My sweet tooth was also spiraling out of control. Ordinarily, I don't care for too many sweets, but since I got pregnant, I've been craving everything from cake to Popsicles. I was actually starting to worry you'd be born with cavities. One day at the office, Carlos, a columnist, stopped by my cubicle to chat about his visit to a gelateria that had recently opened. When Daddy and I were in Italy, I tasted my way through the gelaterias of Rome, Florence and Venice, frequently ordering lemon, mango and coconut sorbeto as a way to stay cool during the warm, sunny afternoons. A few hours after my talk with Carlos I was happily savoring spoonfuls of cold, creamy tiramisu gelato.

The next craving - Jewish rugelachs - required a little more work. When I was a little girl in New York City, Auntie Sharon used to come over with a white box wrapped in red string that was filled with rugelach - a rich and creamy cookie with plenty of walnuts and dusted in fine, powdered sugar. We'd sit around the kitchen table, the adults sipping their coffee, while we devoured the baked delights.

A few years ago, Daddy found a recipe for rugelach in our newspaper, which he clipped for me. I'm no baker - chocolate chip cookies and fruit cobbler are about as complicated as I can manage - so I'd never attempted to try the recipe. But those pregnancy hormones proved stronger than my baking trepidations, and they turned out to be fairly easy to make. One day, I'll teach you how to make them, Emi, so we can sit at the kitchen island eating cookies together.

Rugelach


2 cups all-purpose flour
1/2 teaspoon salt
1 cup, or 2 sticks, unsalted butter, softened
8 ounces cream cheese, softened
1/2 cup sugar
1 teaspoon cinnamon
1 cup apricot preserves or raspberry jam
1 cup loosely packed golden raisins, chopped
1 1/4 cup walnuts, finely chopped
milk for brushing cookies

Whisk together flour and salt in a bowl. Beat together butter and cream cheese in a large bowl with an electric mixer until combined well. Add flour mixture and stir with a wooden spoon until a soft dough forms

Gather dough into a ball and wrap in plastic wrap, then flatten into a roughly 7 by 5-inch rectangle. Chill until firm, 8 to 24 hours.

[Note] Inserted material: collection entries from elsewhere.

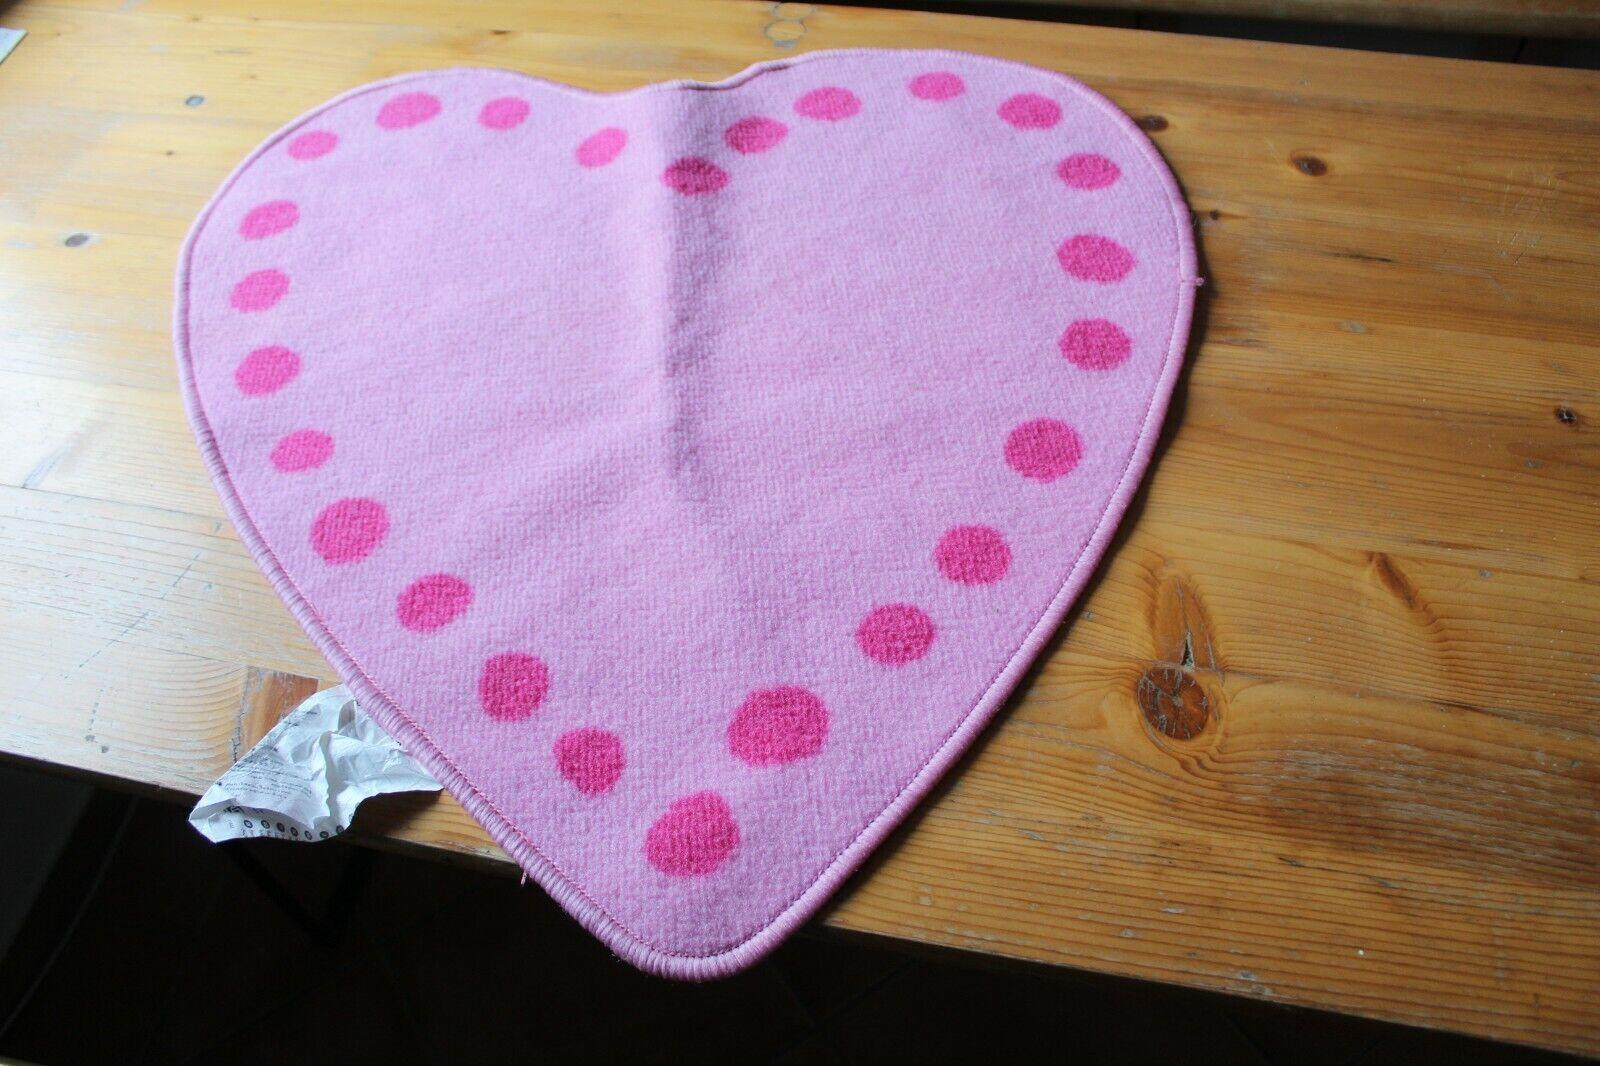 Ikea Kinderteppich Herz Rosa/Pink Vitaminer Hjärta Größe 67x64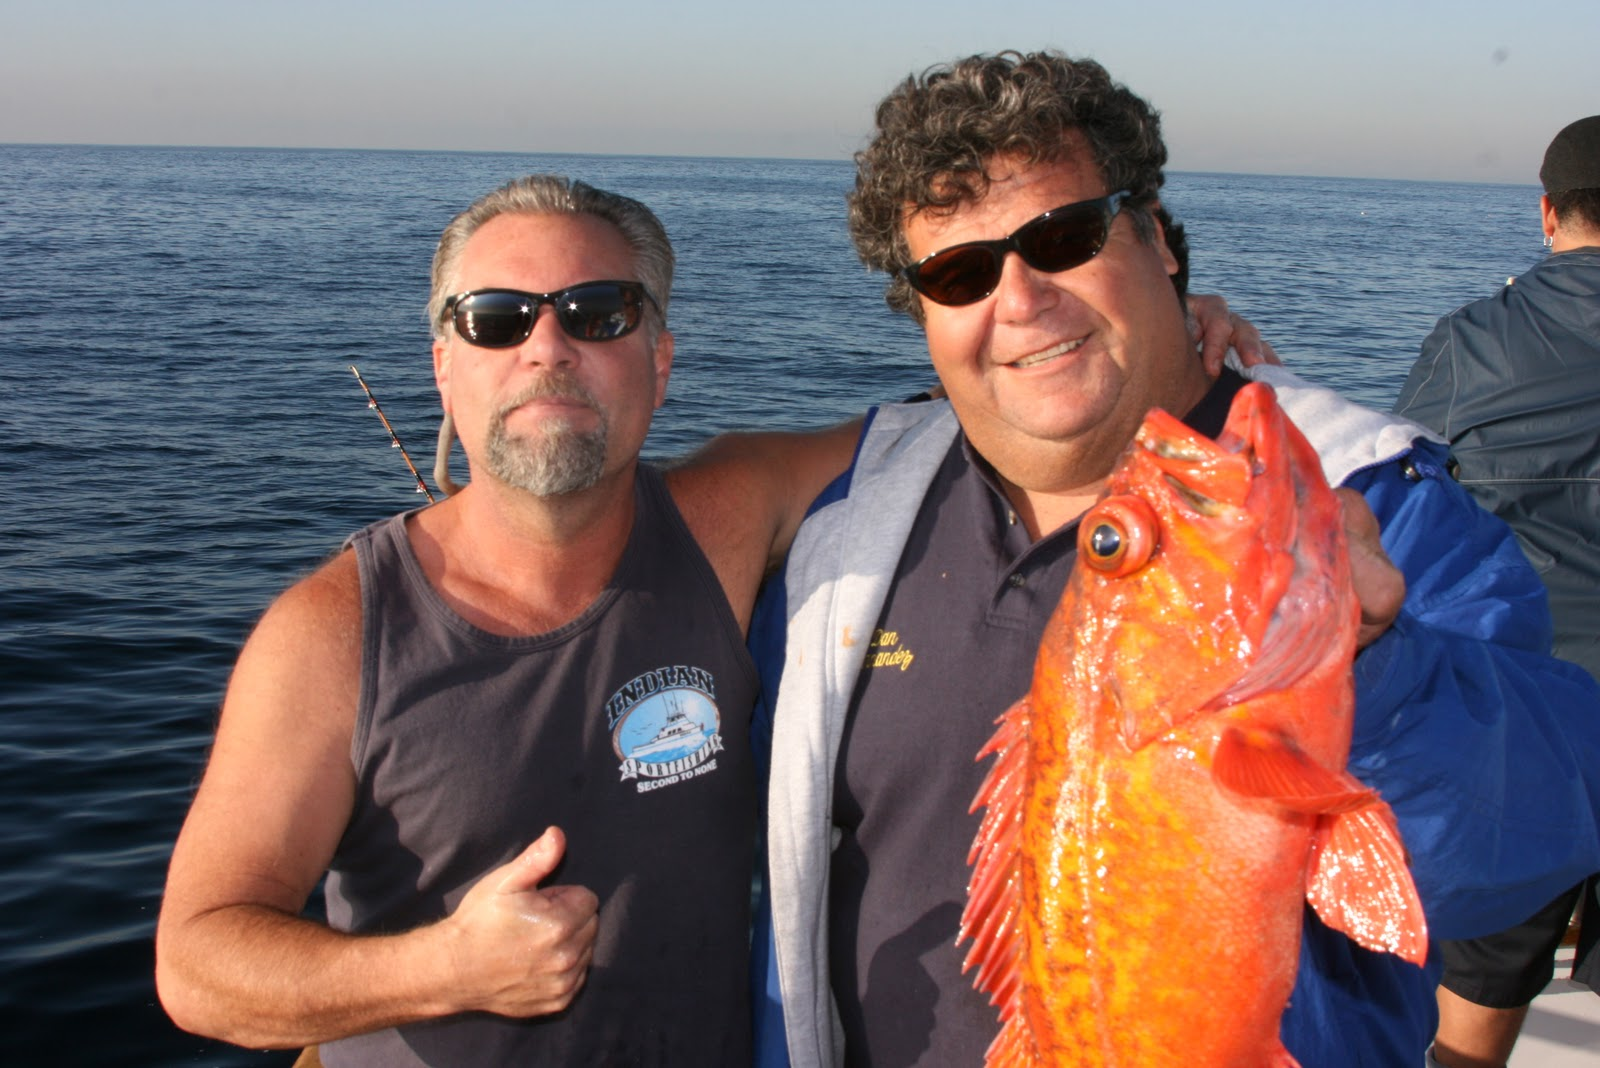 Dan 39 S Journal Indian Rock Fishing Charter Re Cap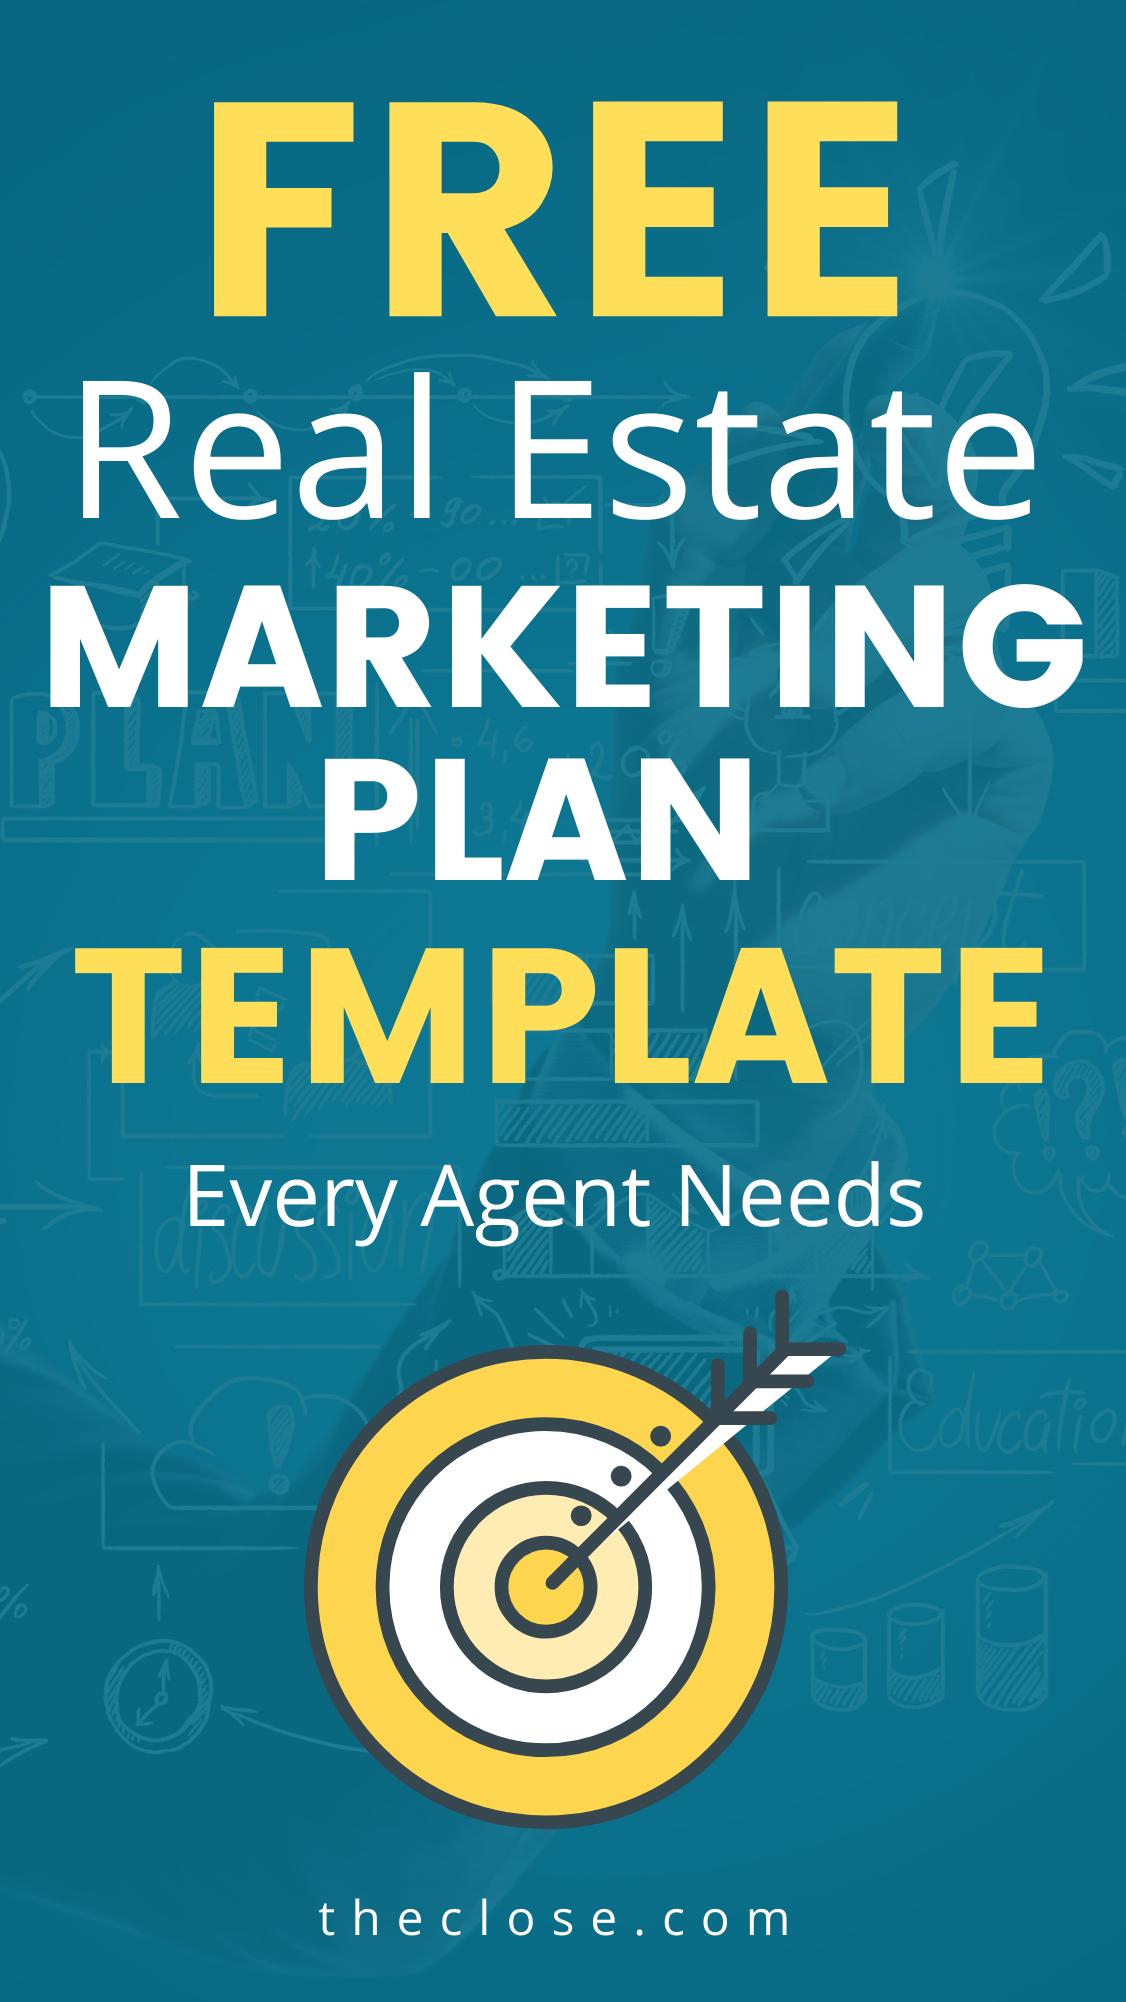 Free Real Estate Marketing Plan Template

Put oven rack in middle position and preheat oven to 350 degrees. Line bottom of a large, shallow baking pan with parchment paper. Cut dough into 4 pieces. Chill 3 pieces, wrapped in plastic wrap, and roll out remaining piece into a 12 by 8-inch rectangle on a well-floured surface with a floured rolling pin. Transfer dough to a sheet of parchment paper, then to a tray and chill while rolling out remaining dough in same manner, transferring each to another sheet of parchment paper and stacking on tray.

Whisk 1/2 cup sugar with cinnamon.

Arrange 1 dough rectangle onto work surface with a long side nearest you. Spread 1/2 cup preserves evenly over dough with offset spatula. Sprinkle 1/4 cup raisins and a rounded 1/4 cup of walnuts over jam, then sprinkle with 2 tablespoons cinnamon sugar. Using parchment as aid, roll up dough tightly into a log. Place, seam side down, in lined baking pan, then pinch ends closed and tuck underneath. Make 3 more logs in same manner and arrange 1 inch apart in pan. Brush logs with milk. With a sharp knife, make 3/4 -inch-deep cuts crosswise in dough, but don't cut all the way through, at 1-inch intervals. (If dough is too soft, chill until firmer, 20 to 30 minutes.)

Bake until golden., 45 to 50 minutes. Cool to warm on pan or rack, about 30 minutes, then transfer logs to a cutting board and slice cookies all the way through.